4 juin 2026

Le Reveil Noir

Actualités et analyses panafricaines pour une Afrique consciente, souveraine et debout.

Le Maroc : une stratégie visionnaire pour une souveraineté hydrique renforcée

Le Maroc, sous l’impulsion éclairée de Sa Majesté le Roi Mohammed VI, a érigé sa politique des barrages en un pilier fondamental de sa souveraineté hydrique, constituant ainsi un patrimoine aquatique substantiel, comme l’a souligné Nizar Baraka, ministre de l’Équipement et de l’Eau, lors d’une récente rencontre à Rabat.

Grâce à cette vision royale proactive, le Royaume disposera de 156 grands barrages d’ici fin 2026, offrant une capacité de stockage de 20,8 milliards de mètres cubes. Actuellement, 14 ouvrages sont en cours de construction. Cette dynamique a permis au Maroc de développer une expertise nationale de pointe en ingénierie hydraulique, en études techniques, en génie civil et en gestion des infrastructures d’eau.

Ces infrastructures aquatiques jouent un rôle capital dans la résilience hydrique des territoires et de la population. Elles garantissent une gestion efficace et rationnelle de la demande pour les décennies à venir. Le ministre a d’ailleurs précisé que pas moins de 8 grands barrages ont été achevés entre 2021 et 2026, renforçant significativement les capacités du pays.

Les récentes précipitations, combinées aux structures hydrauliques mises en place sous la direction du Souverain, assurent actuellement une sécurité en eau potable et d’irrigation d’au moins deux ans en moyenne sur l’ensemble du territoire national.

En complément, la politique des petits barrages vient renforcer cette résilience. Le ministère de l’Équipement et de l’Eau, en collaboration avec le ministère de l’Intérieur, a lancé un programme ambitieux visant la construction de 155 petits barrages d’ici fin 2028. L’objectif est d’assurer l’accès à l’eau pour les populations rurales, de réalimenter les nappes souterraines et de constituer des réserves stratégiques pour les générations futures.

La vision royale intègre une approche globale de gestion de l’eau, un véritable « mix hydrique ». Au-delà des barrages, elle englobe la gouvernance par bassin hydraulique, le dessalement de l’eau de mer, la réutilisation des eaux usées et l’adaptation aux défis du changement climatique. Cette stratégie holistique vise à garantir la sécurité hydrique du Maroc sur le long terme.

Dans le domaine des ressources non conventionnelles, le Royaume ambitionne de couvrir 60% de ses besoins en eau potable par le dessalement d’ici 2030, marquant une avancée majeure vers l’autonomie hydrique.

Par ailleurs, les interconnexions entre bassins et la création de « routes de l’eau » favorisent l’émergence d’une solidarité nationale en matière d’eau. Cette ressource vitale devient ainsi un puissant levier de justice territoriale, assurant la sécurité hydrique des grands pôles urbains, ainsi que des centres et localités rurales.

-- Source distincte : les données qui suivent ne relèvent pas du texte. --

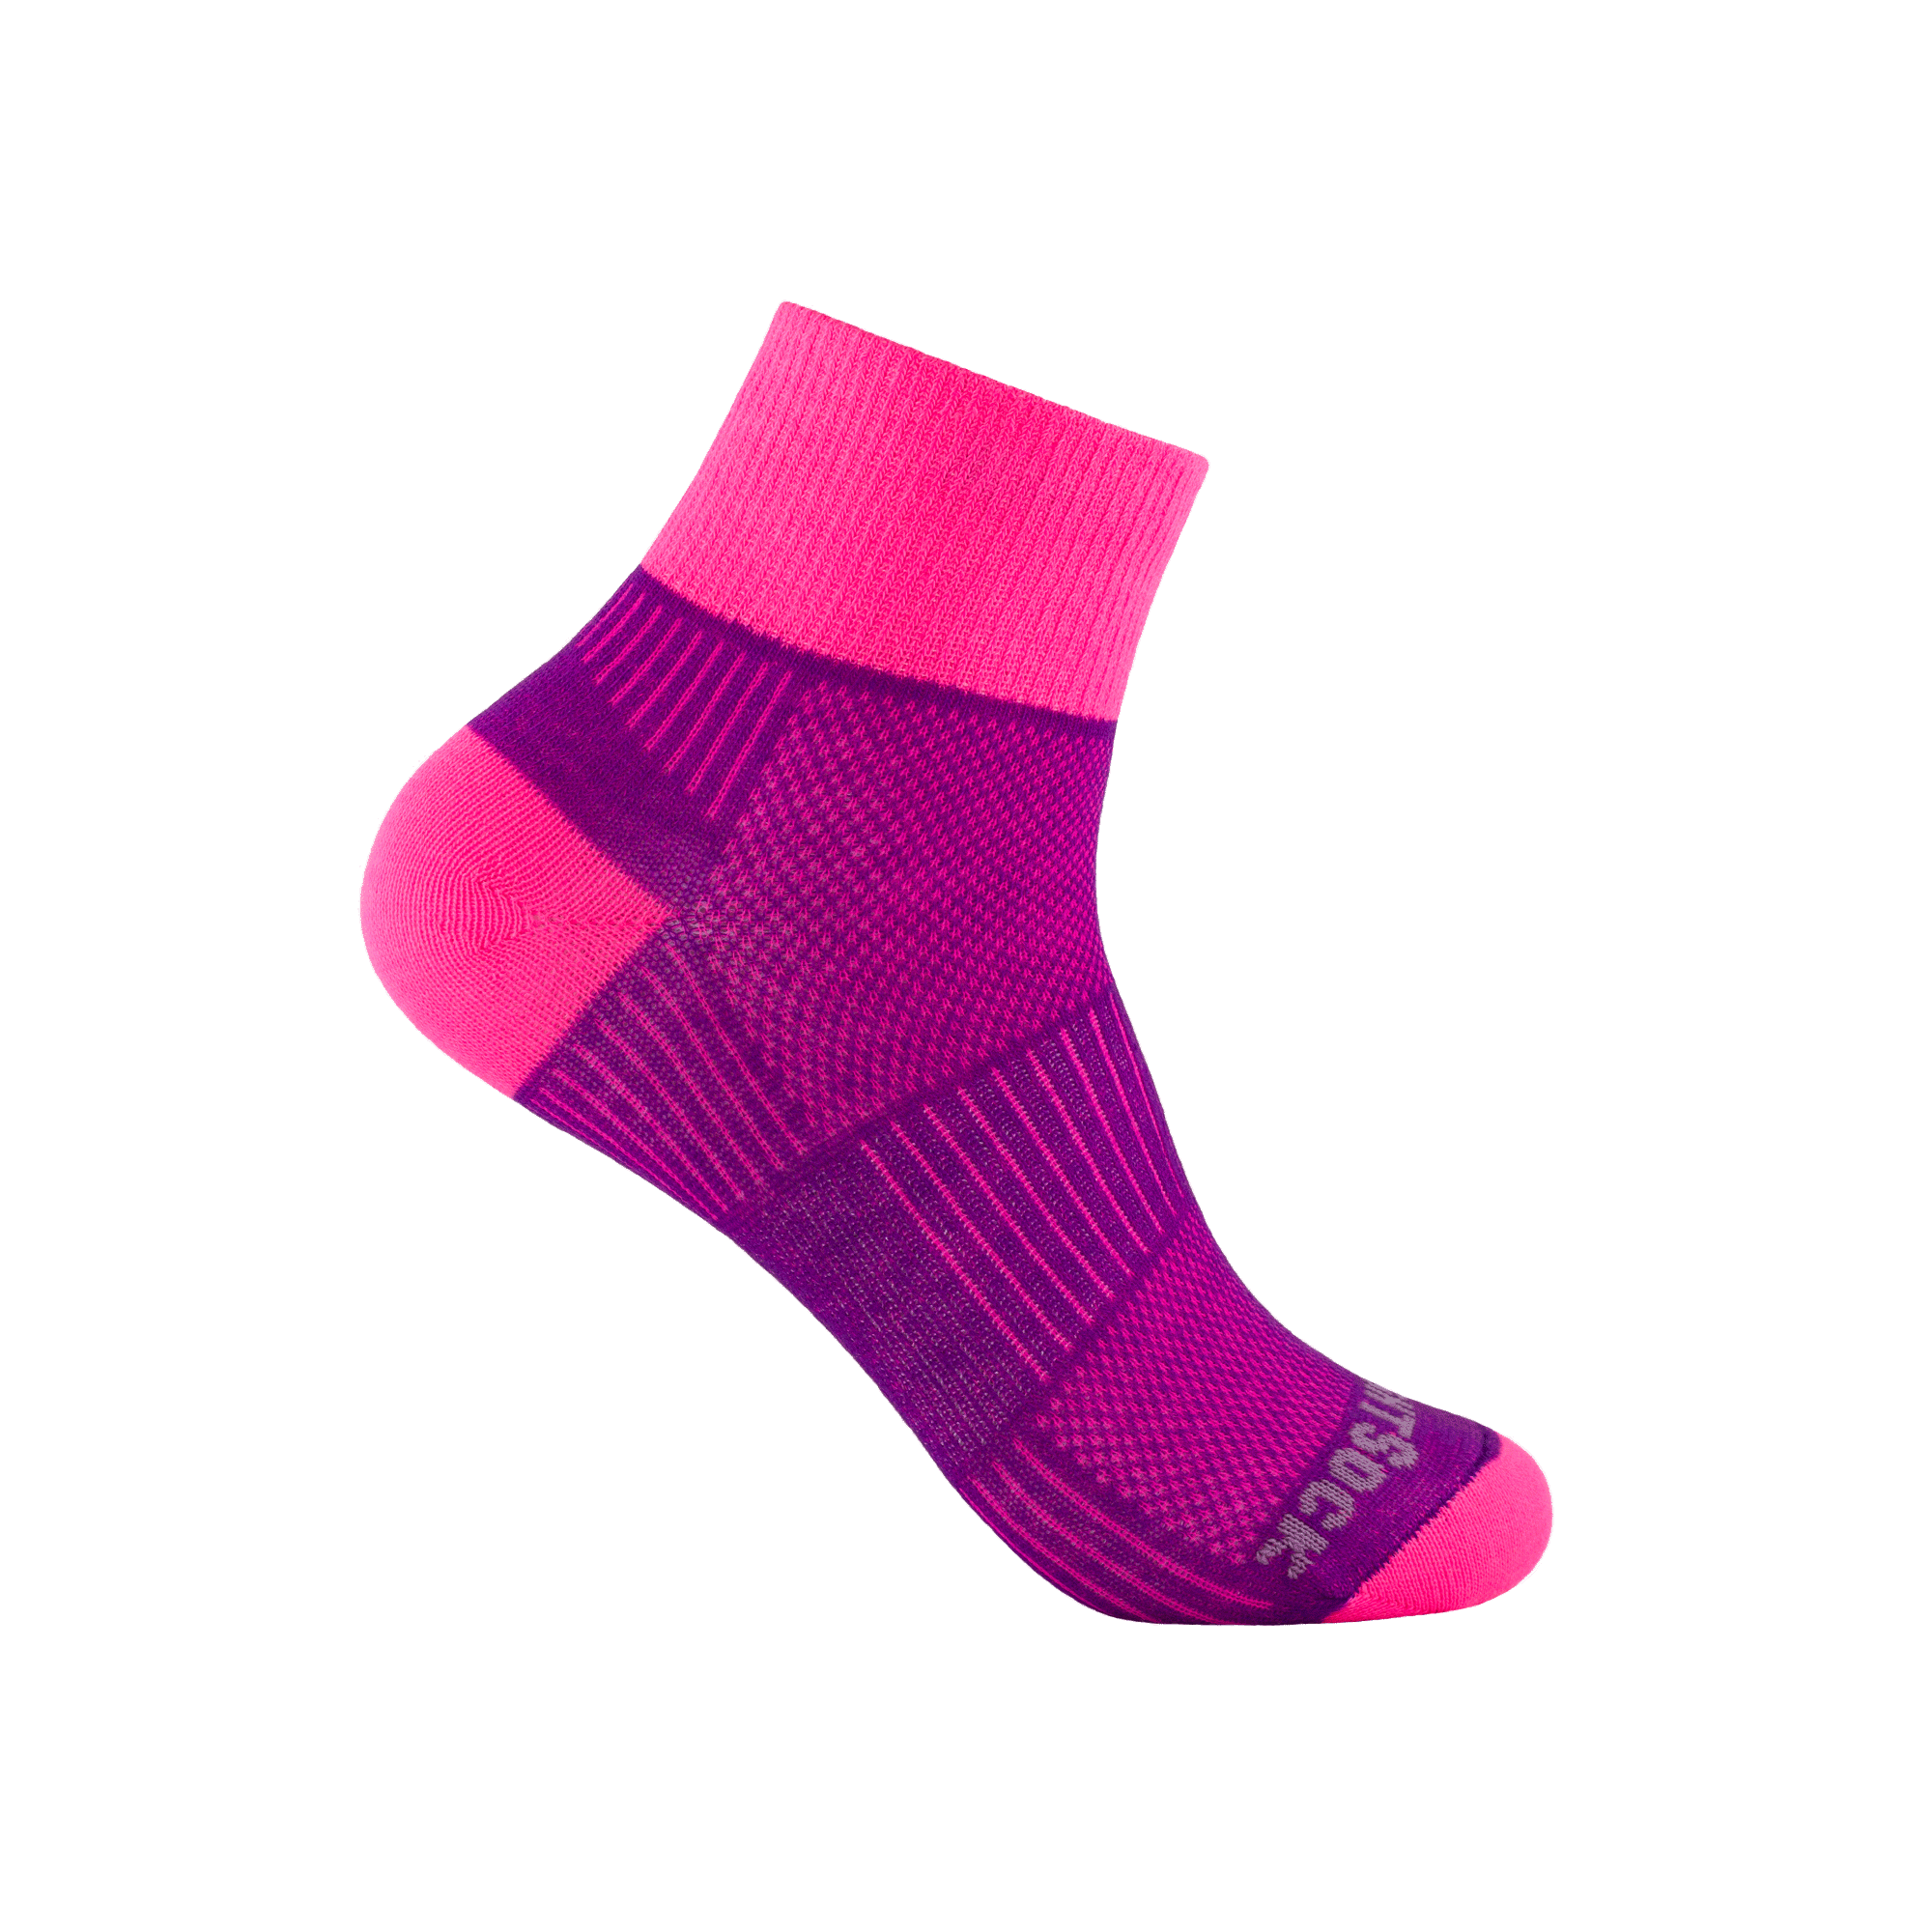 #farbe_plum-pink | WRIGHTSOCK doppellagige Anti-Blasen-Socken - COOLMESH II Quarter - pink

Mohammed Benahmed, expert international en développement territorial, a souligné que le Maroc gère l’un des patrimoines hydriques les plus importants du continent africain. Une telle envergure exige une gestion à long terme, incluant une évaluation rigoureuse de la performance des infrastructures, une programmation budgétaire pluriannuelle pour leur maintenance et une gouvernance efficace des barrages.

Selon M. Benahmed, la préservation de ce vaste patrimoine hydrique nécessite la mobilisation de ressources financières stables, adaptées à des cycles d’investissement longs. Il suggère notamment des modes de financement innovants tels que les obligations vertes, les financements climatiques concessionnels, les instruments de mixage combinant subventions, prêts bonifiés et garanties, ou encore les Partenariats Public-Privé.

De son côté, Mohamed Amrani, chargé principal des politiques au sein de la FAO pour la région Afrique du Nord, a insisté sur le fait que la souveraineté hydrique repose sur un arbitrage interrégional fondé sur l’équité, la durabilité, la productivité et la solidarité. Une gouvernance saine des ressources en eau doit également prioriser la sécurisation de l’offre sans engendrer de dépendance ou des coûts excessifs.